La Fédération internationale de football (FIFA) a annoncé, jeudi 16 juillet, être en train de se pencher sur l’affaire du déploiement sur le terrain par des footballeurs argentins d’une banderole proclamant que « les Malouines sont argentines » à l’issue de la demi-finale du Mondial 2026 qui opposait l’Albiceleste à l’Angleterre. Le Royaume-Uni a exigé une enquête approfondie, tandis que le président argentin, Javier Milei, a déclaré comprendre les joueurs.
Archipel britannique situé à 600 km des côtes argentines, les Malouines, appelées Falkland en anglais, demeurent un sujet sensible dans les relations entre Londres et Buenos Aires, qui continuent de se disputer leur souveraineté.
En 1982, une guerre avait éclaté entre les deux pays à la suite de l’invasion argentine de ce territoire. Les forces britanniques avaient repris les Malouines après 74 jours de combats qui avaient fait 649 morts côté argentin et 255 morts côté britannique.
Mercredi, après leur victoire (2-1) face à l’Angleterre à Atlanta, aux Etats-Unis, des joueurs argentins avaient déployé sur la pelouse une banderole proclamant que « les Malouines sont argentines », en violation apparente du règlement de la FIFA qui interdit toute manifestation politique dans une enceinte lors des tournois qu’elle organise.
« Ne mélangeons pas les choses »
« Conformément à la procédure habituelle, la commission de discipline indépendante de la FIFA examine actuellement les rapports de match et évalue les circonstances pertinentes avant de se prononcer sur d’éventuelles mesures supplémentaires, conformément au code disciplinaire », a réagi l’organisme jeudi.
« La Coupe du monde n’est peut-être pas à nous, mais les îles Falkland le sont assurément », a affirmé pour sa part un porte-parole du gouvernement britannique. « L’un des principes fondamentaux de la Coupe du monde est que la politique n’y a pas sa place. Cette question relève désormais de la FIFA. J’attends d’elle qu’elle mène une enquête minutieuse », avait auparavant déclaré le ministre britannique des entreprises et du commerce, Peter Kyle.
Le président argentin, Javier Milei, avait dans un premier temps semblé vouloir tempérer la situation. « Ne mélangeons pas les choses. Les Malouines se récupèrent avec une diplomatie avisée et non avec des gestes de patriotisme bon marché », avait-il dit, mercredi. Jeudi, il a toutefois affirmé comprendre les joueurs de l’équipe nationale.

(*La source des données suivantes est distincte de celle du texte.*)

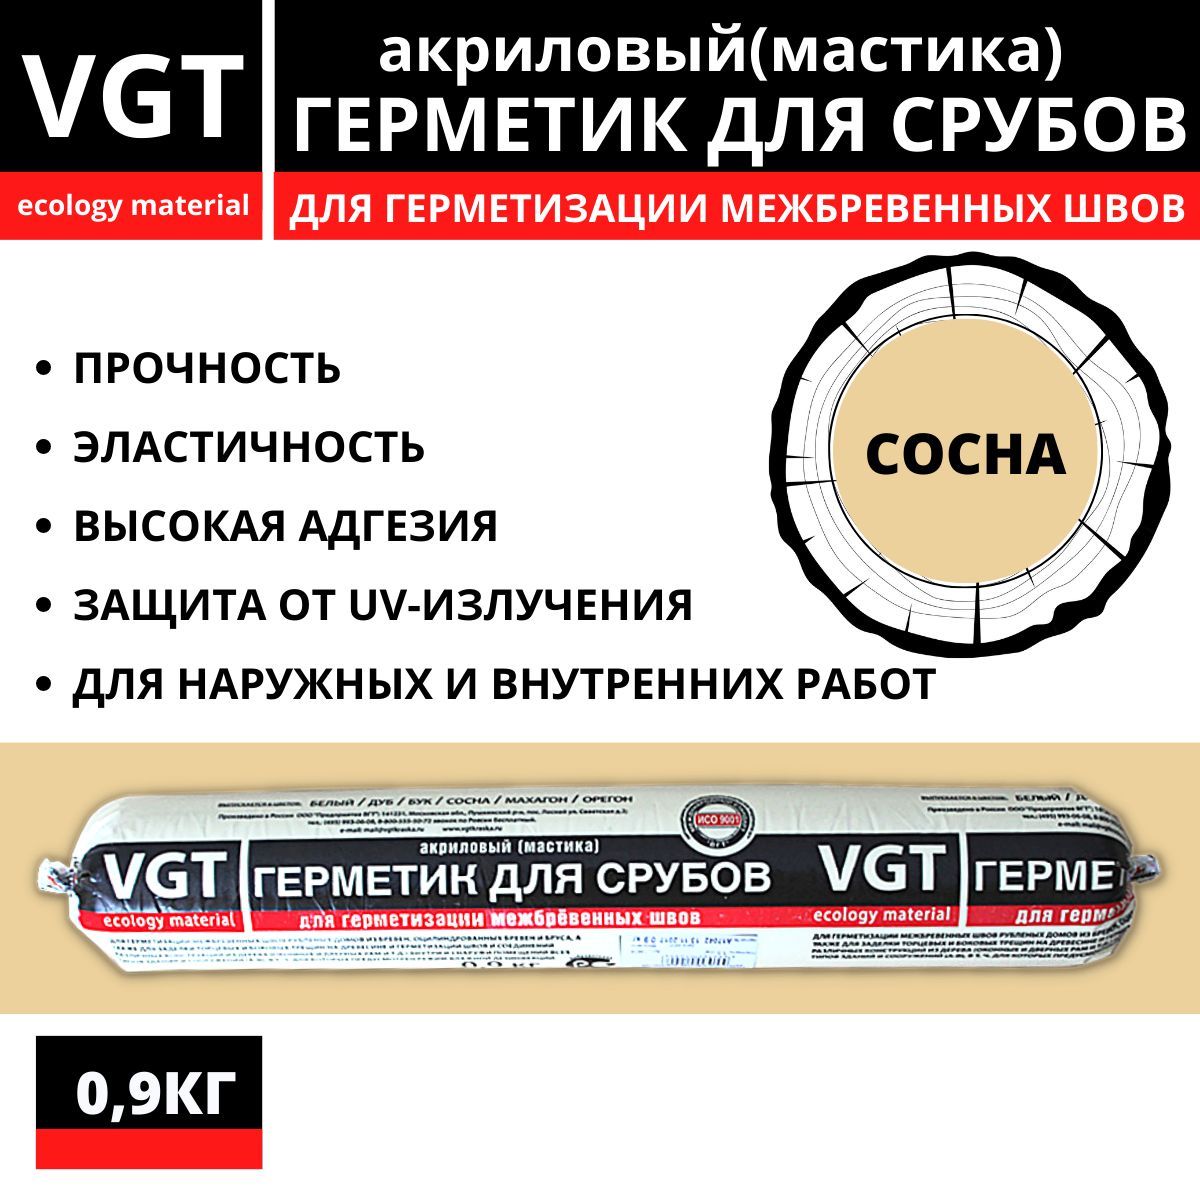 ГерметикакриловыйVGT(мастика)длясрубовсосна0,9кг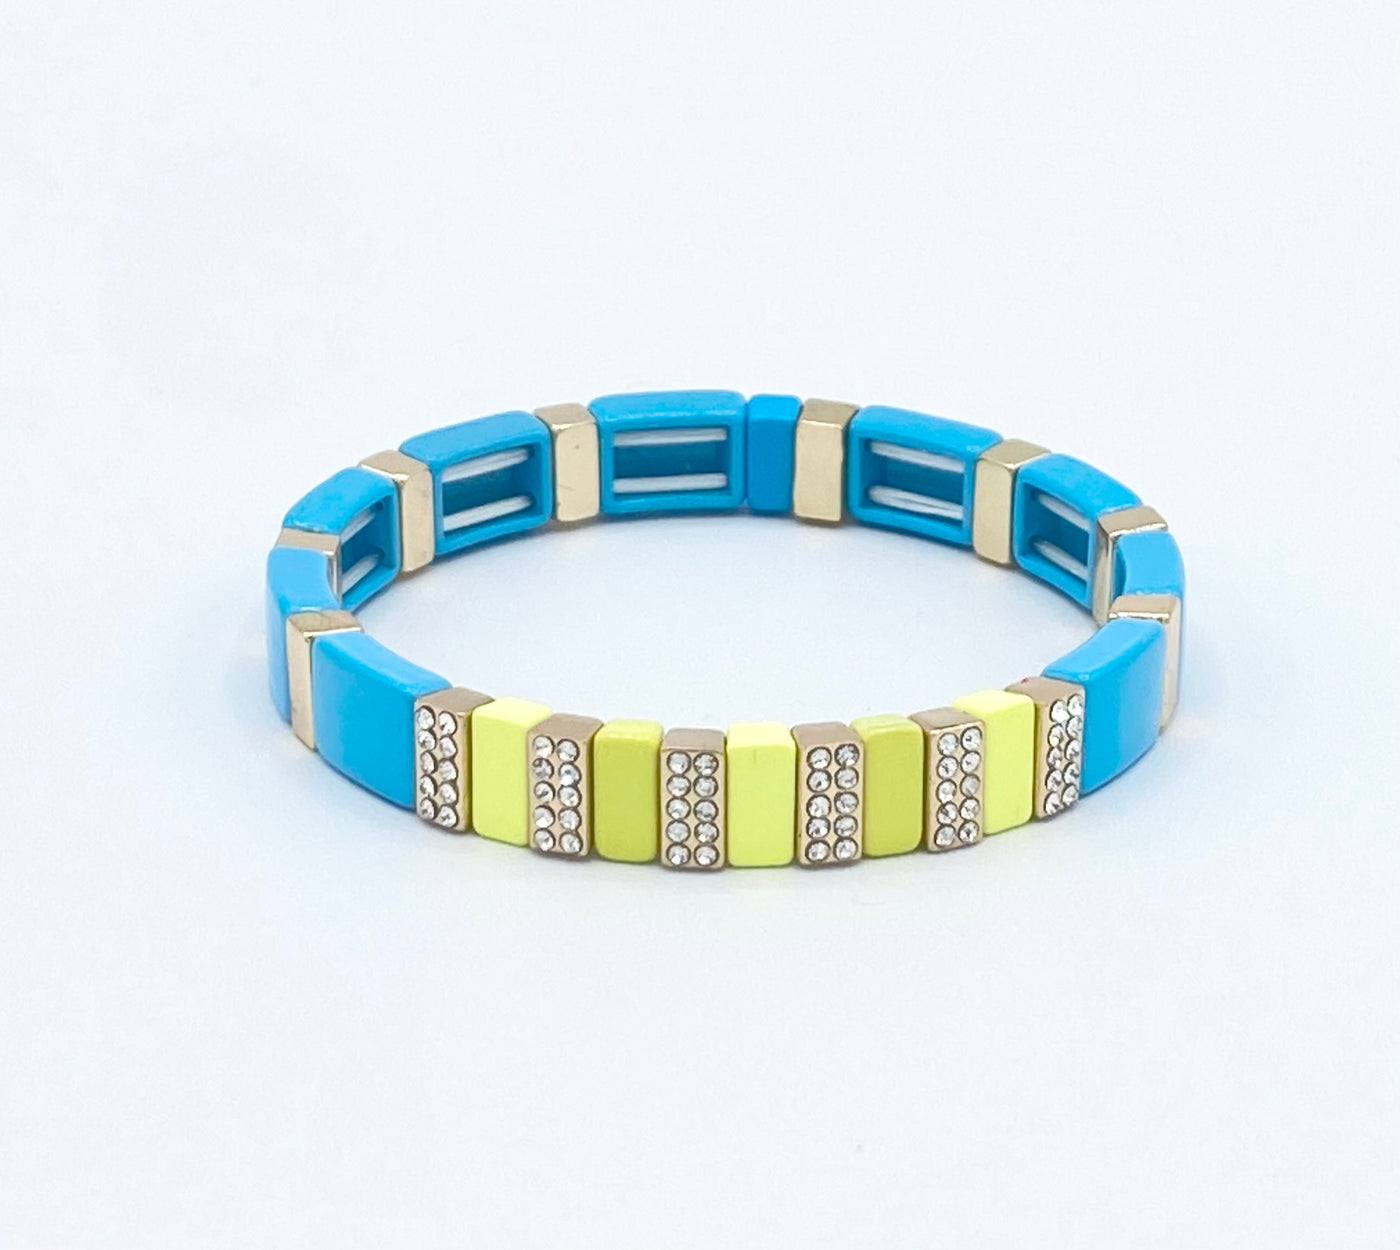 Mettez en surbrillance les bracelets en diamant de perles de carreaux d'émail, les bracelets Colorblock, les perles d'émail, les bracelets Tila tendance

Le ressenti sur les Malouines « est un sentiment qui habite tous les Argentins, et il est parfaitement licite et valide qu’ils veuillent l’exprimer », a-t-il dit à la radio El Observador. « Effectivement, les Malouines sont argentines, et nous allons les récupérer, a assuré M. Milei, mais nous allons le faire sur le plan diplomatique avec de l’intelligence dans notre action ».
« Revanche symbolique contre les Anglais »
Selon des médias argentins, la banderole était une improvisation, le jour du match, d’un groupe de supporteurs à Atlanta à partir d’un drap de leur hôtel. Selon le témoignage d’un membre du groupe au média en ligne Infobae, ils ont déployé la banderole en tribune. Puis dans les dernières minutes du match, alors qu’ils avaient été repérés par un agent de sécurité, ils s’en sont débarrassés en la lançant sur la pelouse. C’est là que des joueurs l’ont récupérée et brandie.
Ce n’est pas la première fois que la question des Malouines s’immisce dans un match de football entre l’Angleterre et l’Argentine. Au Mondial 1986, quatre ans après la guerre, l’Albiceleste avait éliminé les Three Lions en quart de finale sur un doublé légendaire de Diego Maradona (2-1), dont la célèbre « main de Dieu » que l’ancien numéro 10 avait décrite comme « une revanche symbolique contre les Anglais ».
L’hymne officieux des supporteurs argentins dans ce Mondial nord-américain, La Cuarta Estrella (la quatrième étoile), contient également une référence à l’archipel contesté : « Pour les Malouines, pour Diego, pour la dernière de Leo (Messi), Argentine, je veux te voir double championne du monde ».
Après sa victoire contre l’Angleterre, l’Argentine affrontera l’Espagne en finale, dimanche, au MetLife Stadium d’East Rutherford (New Jersey), dans la banlieue de New York, en présence du président américain, Donald Trump, et du roi d’Espagne, Felipe VI. Javier Milei, lui, a annoncé qu’il ne s’y rendrait pas, par superstition.